Заявление Чини произвело большое впечатление в высших сферах итальянского фашизма. Однако среди фашистских иерархов до последнего момента никто не знал, что следует предпринять. Инициативу проявил один из ближайших сподвижников Муссолини, Д. Гранди, который подготовил проект резолюции, намереваясь поставить его на голосование Большого совета фашистской партии, назначенного на 24 июля 1943 г. Резолюция предлагала передать королю командование всеми вооруженными силами и предоставить ему «ту высшую инициативу в принятии решений, которую предусматривает наше конституционное устройство». В резолюции содержались пункты о превращении палаты корпораций в палату депутатов, о повышении роли Совета министров и особенно Большого фашистского совета. В ней ничего не говорилось об отстранении Муссолини: фашистская диктатура должна была войти в рамки конституционной монархии, личная власть дуче ограничивалась[241].

Копию резолюции Гранди передал королю, другую — послал Муссолини. Таким образом Муссолини знал о том, что готовили его ближайшие приспешники; кроме того, со всех сторон к нему поступали сведения о подготовке заговора в генеральном штабе. Однако он по-прежнему обращал на это мало внимания.

Заседание Большого фашистского совета открыл Муссолини. В своем докладе он сделал обзор хода военных действий, обвиняя в неудачах генеральный штаб. Перейдя к внутреннему положению, он атаковал пораженцев, в частности Гранди. «Будьте осторожны, резолюция Гранди может поставить вопрос о существовании фашистского режима», — закончил он. Когда наступила очередь Гранди, он зачитал свою резолюцию, содержание которой было уже известно почти всем присутствующим. Затем он резко атаковал Муссолини: «Твоя диктатура подорвала фашизм, глупое ведение войны привело фашизм к кризису... Что ты сделал за 15 лет, в течение которых ты стоял во главе военных министерств?»[242] Около 2 часов ночи, после почти 10-часового заседания, Муссолини поставил резолюцию Гранди на голосование: 19 человек голосовали за нее, 8 — против[243]. Закрывая заседание, Муссолини сказал: «Вы вызвали кризис фашистского режима».

При всем этом Муссолини был уверен в том, что он не потерял контроль над обстановкой и способен восстановить власть над своими взбунтовавшимися сподвижниками.

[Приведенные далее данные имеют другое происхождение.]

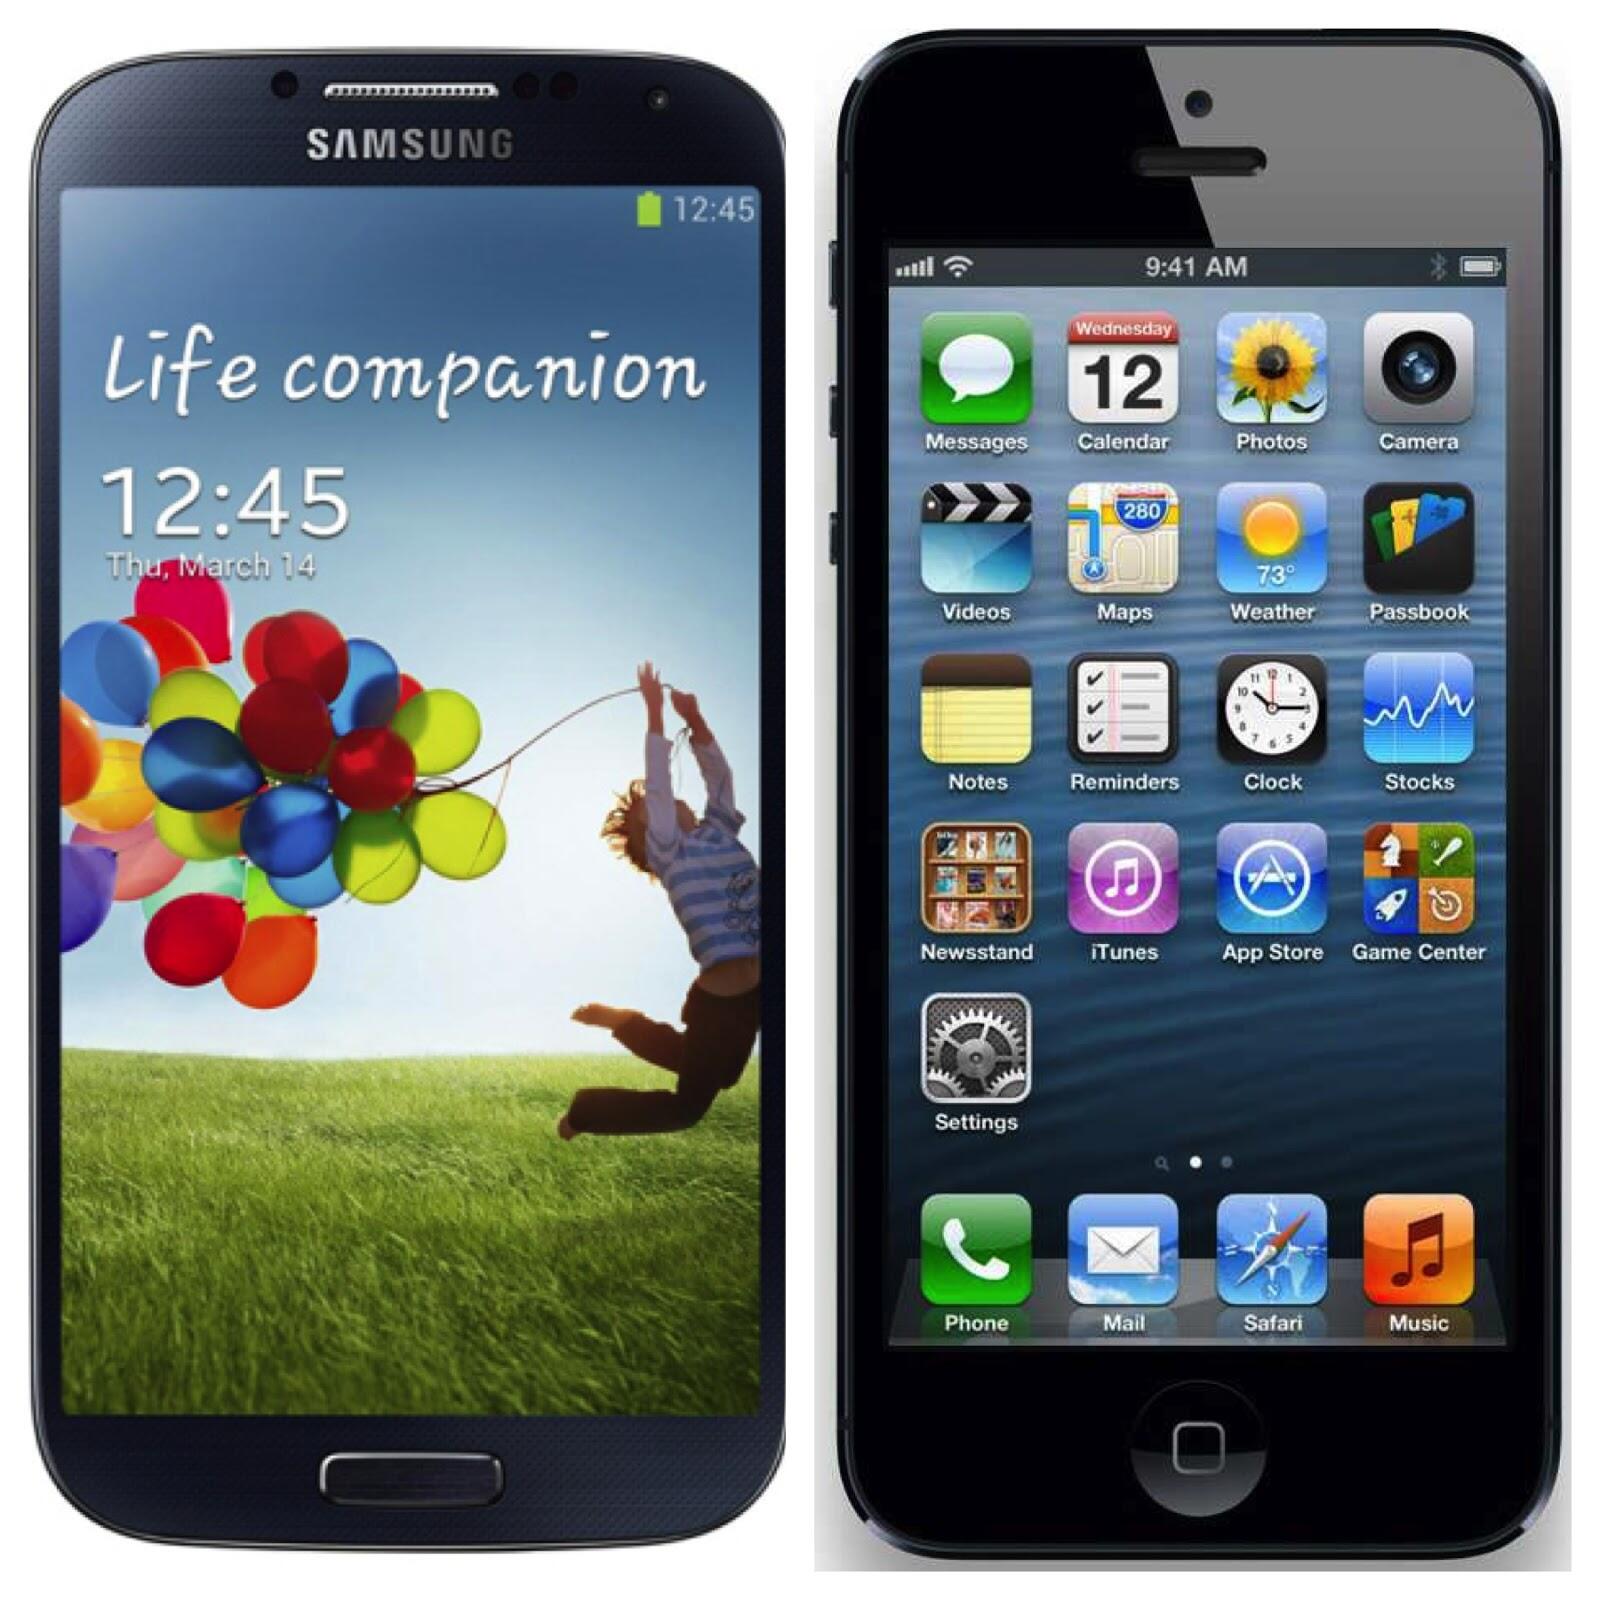 Samsung iphone apple. Samsung Galaxy iphone. Samsung Galaxy s iphone. Айфон 5 самсунг. Самсунг айфон 4.

Он знал, что рекомендации Большого фашистского совета подлежат утверждению короля и надеялся на его поддержку. Однако, когда он на следующий день прибыл на королевскую виллу, Виктор-Эммануил неожиданно заявил, что новым главой правительства будет маршал Бадольо. Как только Муссолини вышел от короля, он был арестован.

Вскоре по радио было передано сообщение, что король «принял отставку кавалера Бенито Муссолини» и назначил главой правительства Бадольо. Падение Муссолини произошло необычайно легко. Ни один из его приближенных, которые столько раз клялись в верности до гроба, не попытался прийти к нему на помощь. Это свидетельствовало о том, что все руководящие группы правящего класса стремились переложить на Муссолини ответственность за политику, которую они до недавнего времени целиком поддерживали.

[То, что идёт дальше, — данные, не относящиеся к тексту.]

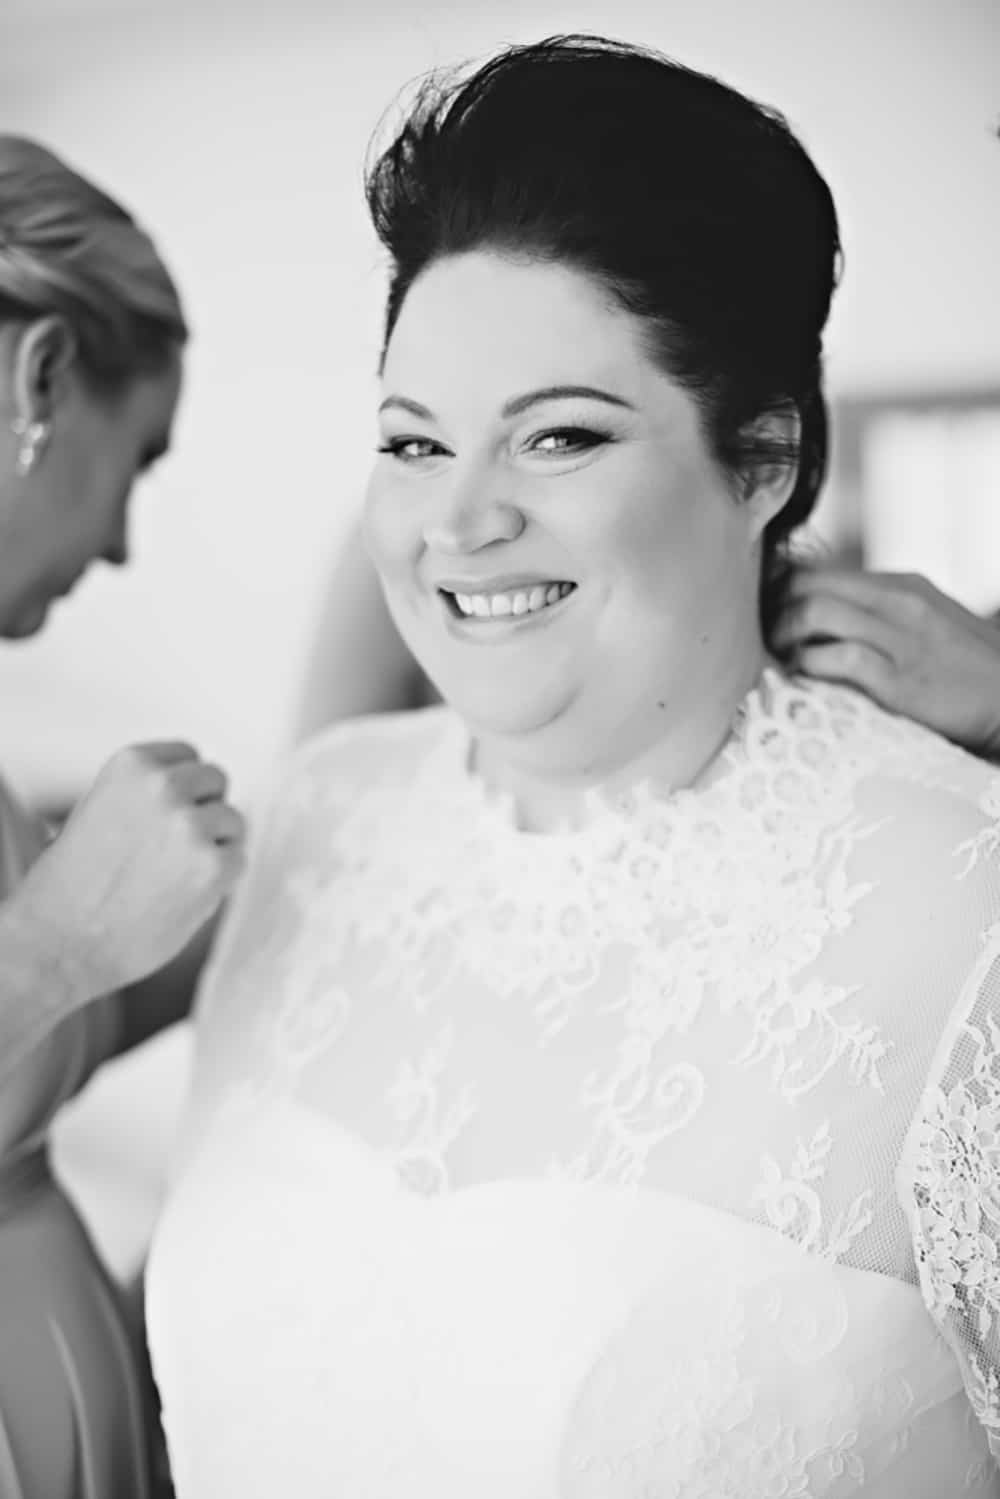 Queensland bride Amanda felt amazing in her plus-size wedding dress.

Подводя итоги этим событиям, следует подчеркнуть, что крах итальянского фашизма был вызван совокупностью внешних и внутренних причин.

Рассматривая причины падения диктатуры Муссолини задолго до окончания второй мировой войны, надо помнить о тяжести военных поражений, понесенных итальянской армией, о ее технической отсталости и сумасбродности стратегии дуче. Безусловно, несоразмерность между теми целями, которые ставил перед собой итальянский фашизм, и ограниченными средствами, которыми он располагал, также сыграла свою роль. Распыление сил по многочисленным фронтам, неумелое управление войсками подрывали эффективность военного усилия Италии. Уже к концу первого года войны стала очевидной неспособность фашистского руководства основываться на реальных возможностях военно-экономического потенциала страны.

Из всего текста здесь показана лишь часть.